Футурист Мафарка. Африканский роман — страница 32 из 39

– Нет, нет! – вскричал Мафарка. – Это не посторонние. Вы должны признать их братьями.

– Они не похожи на нас. У них тела изнеженных самок!.. Позволь нам прогнать их подальше!..

– Нет, нет! – крикнул еще раз Мафарка. – Я хвалю методическую работу их разума, которая изничтожила их мускулы и утончила их бессильные пальцы! Они лучше вашего умеют сжимать пальмовые волокна, сшивать ткань и прикреплять ее на гибких китовых усах огромных крыльев… Это они приготовили кошачьи кишки, которые управляют уклонением! У них есть тонкая изобретательность, которой нет у вас!.. Они так же полезны, как и вы!.. Идите!.. Успокойтесь!.. И пейте вместе!.. А затем спите… потому что завтра, на заре, я приглашало вас на великолепный спектакль отлета!..

Все кузнецы притихли, как укрощенные хищники, потом медленно зажгли красноватые огни между неизмеримыми тенями скал.

Некоторые уже растягивались вдоль огромной клетки. Другие еще злопамятно топтались, показывая кулаки ткачам из Лагахурзо. Эти собрались там, налево и молились вокруг своих мертвых.

Их бормочущие голоса примешивались к усталым жалобам моря, которое плакало и кудахтало во всех жилах и порах скал, словно в человеческом теле.

От времени до времени раздавался страшный смех. Это кузнецы издевались и осмеивали наивными шутками невзрачных и дрожащих ткачей.

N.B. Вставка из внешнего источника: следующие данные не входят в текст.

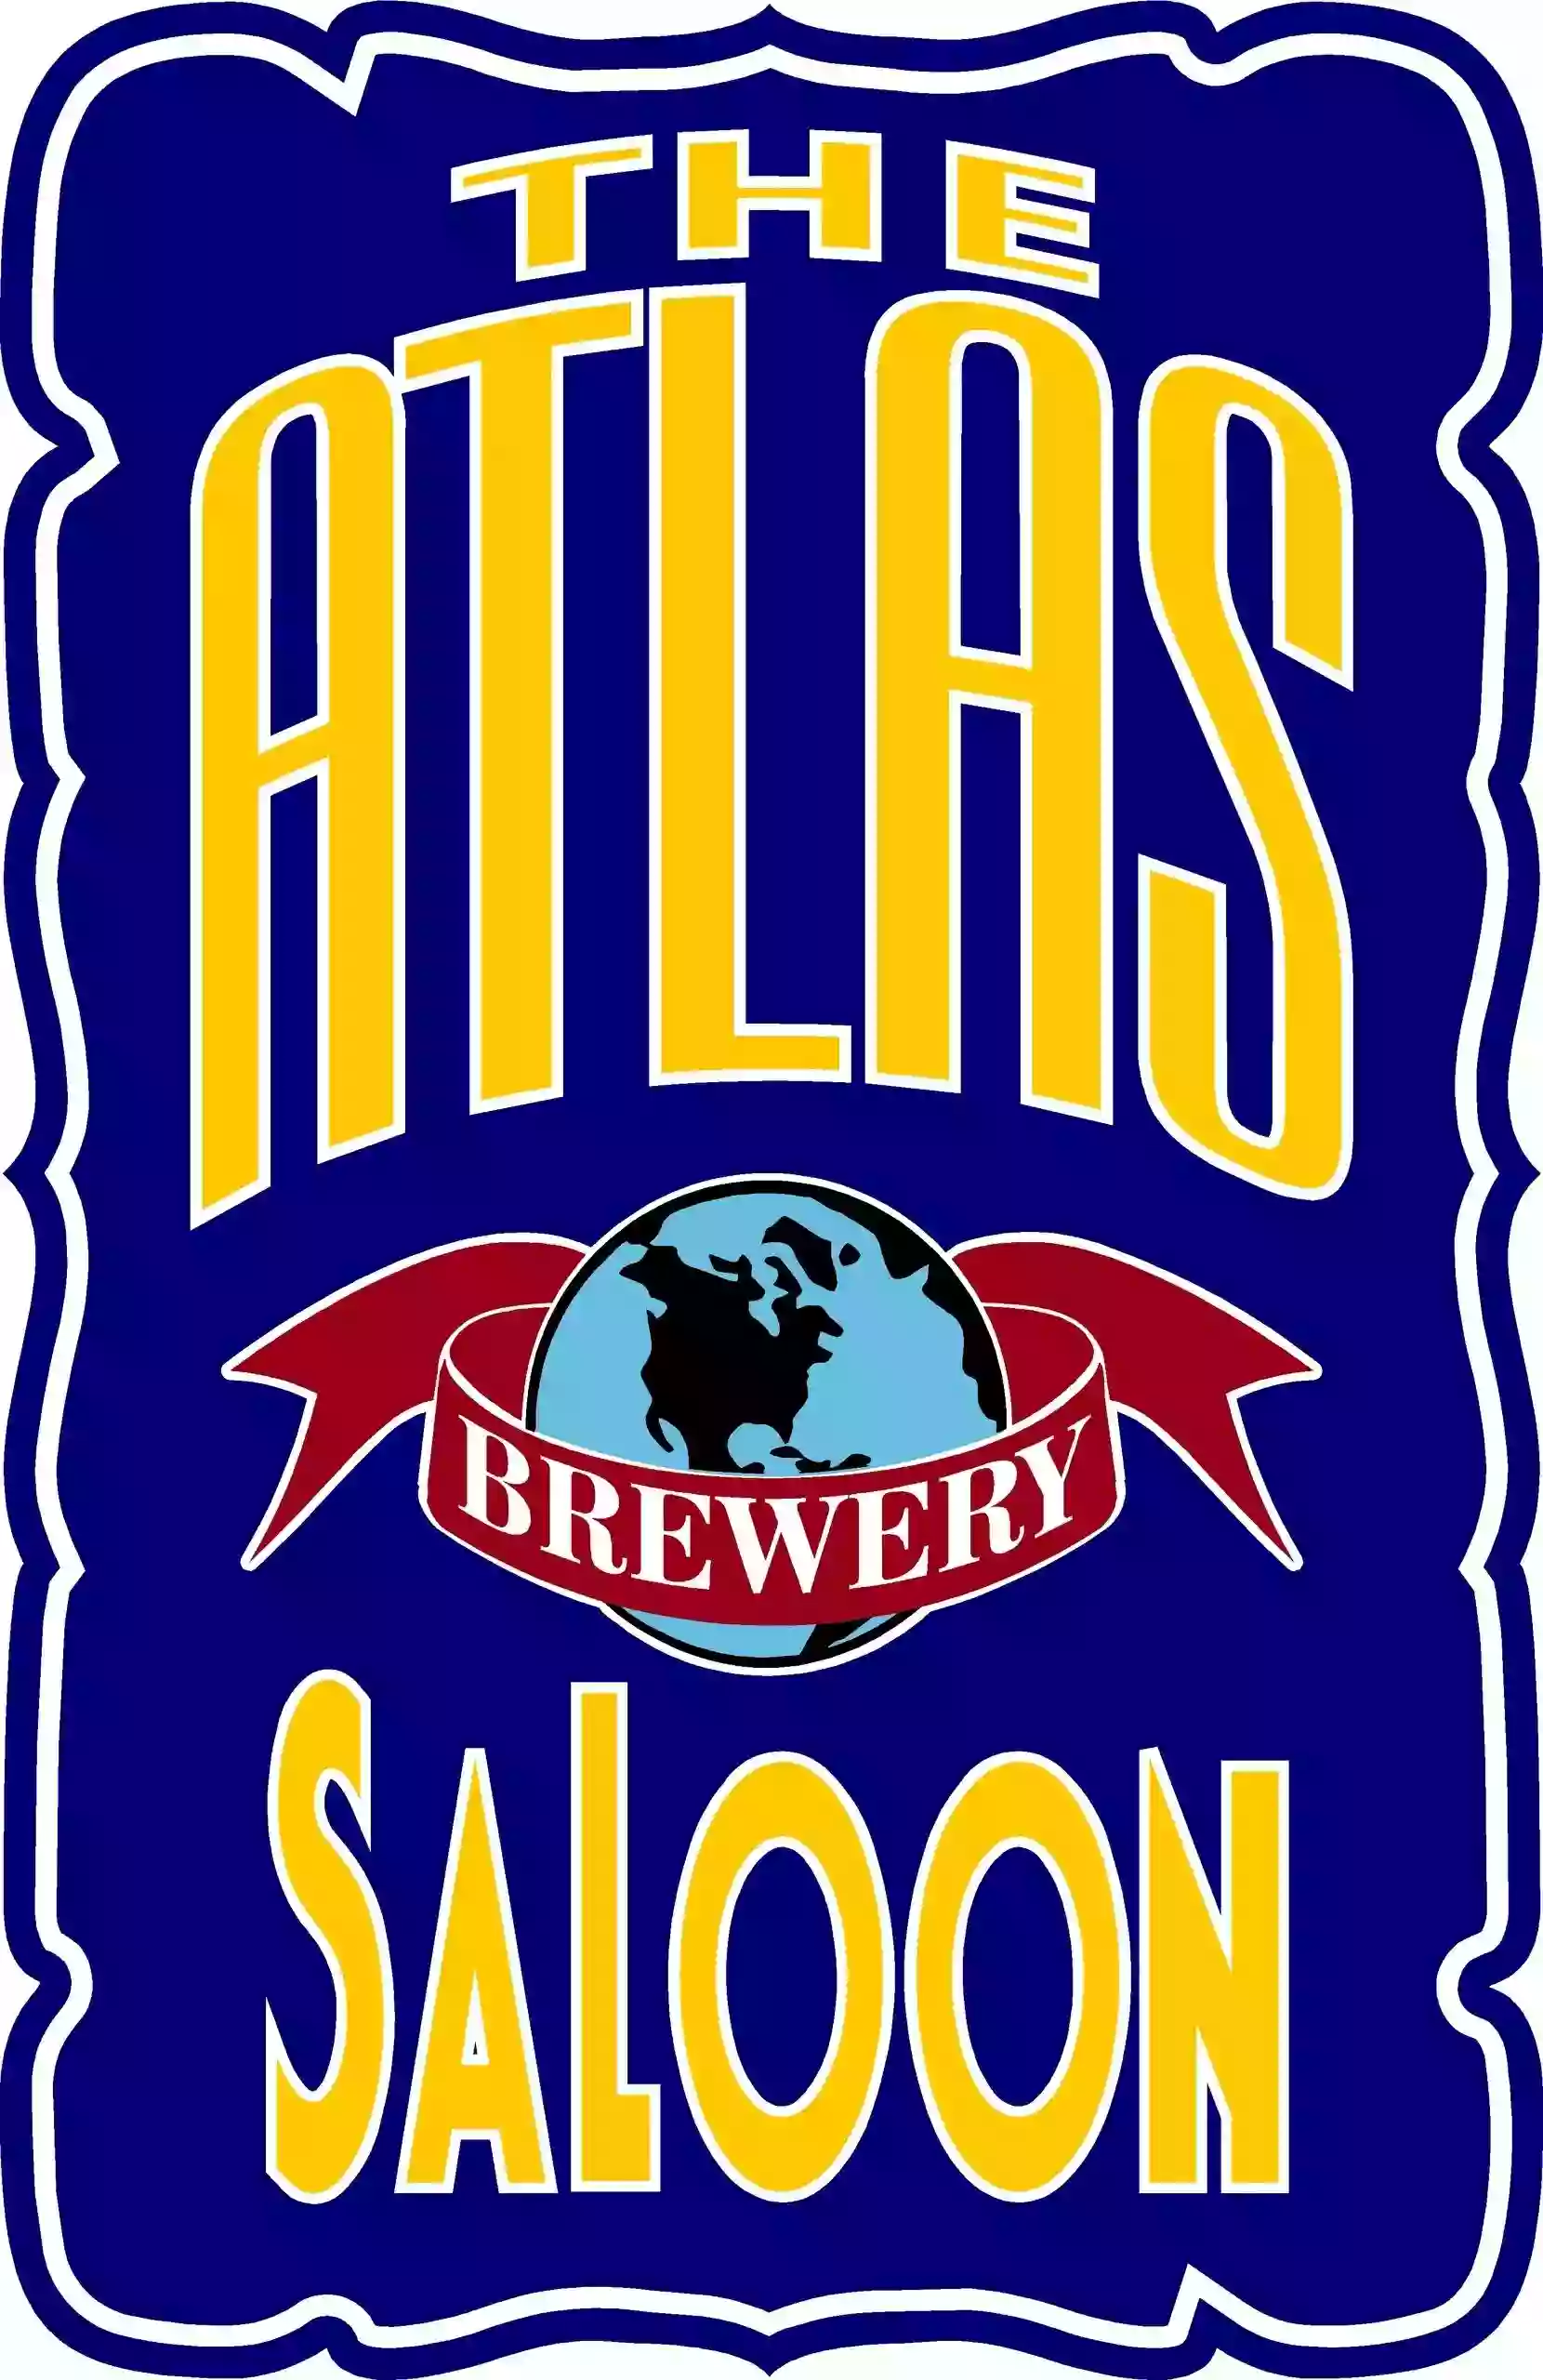 Atlas Saloon

Эти, прижавшись друг к другу, ворчали при грубых взрывах смеха и хохота своих грозных врагов, чуя в то время ледяное дыхание смерти.

Распятые корабли

Мафарка медленно вернулся к Подземельям, но душа его скользила меж ребер, как мелкий песок, и воля улетела, как ласточка, далеко, за облака.

Открытое море сверкало всеми своими плитами, отшлифованными, как паперть храма, и корабли проходили по нему, от времени до времени наклоняя мантии из пестрого полотна; эти мантии отражались в зеркальной поверхности.

Мафарка ощущал вокруг себя и над собой святой полумрак мечети с неизмеримыми сводами, каждая оконница которых, сделанная из светящегося облака, сверкала, как драгоценность.

Фиолетовый дым отдаленных деревьев поднимался огромными колоннами, чтобы держать купол вызвездившегося небосвода; но они были на таком расстоянии одна от другой, что храм зенита, казалось, держался чудом.

Вдруг последний жест заходящего солнца в приотворенном горизонте расстелил темно-красные ковры, по которым были вышиты чудовищные птицы и трепещущая листва, покрывшие всю мостовую моря.

В старательно отделанных сводах неба только темно-синее и золотое. На грозной черноте запада грядка золотых розеток и больших золотых кружев, положенных бордюром на горизонте.

Сверху спускались лучи звезд, как тысячи золотых звенящих цепочек, которые колыхали на уровне воды дрожащие отблески, бесчисленные светильни.

Там и сям белые дома молились. Одни стоя, другие на коленях или распластавшись ничком, маленькими группами, в голубых платьях и светлых тюрбанах, рассеянные в беспорядке на потемневшем красном морских ковров и слегка затерянные среди этого пышного безмолвия.

Мафарка шел медленными молитвенными шагами с похолодевшим сердцем, плывущим по воле волн молитв, охватившей спокойную мечеть вечера.

Вдруг он почувствовал за собой тихие шаги, крадущиеся с ловкостью леопарда, идущего по следам, колыша зеленый и прерывающийся запах дикой мяты.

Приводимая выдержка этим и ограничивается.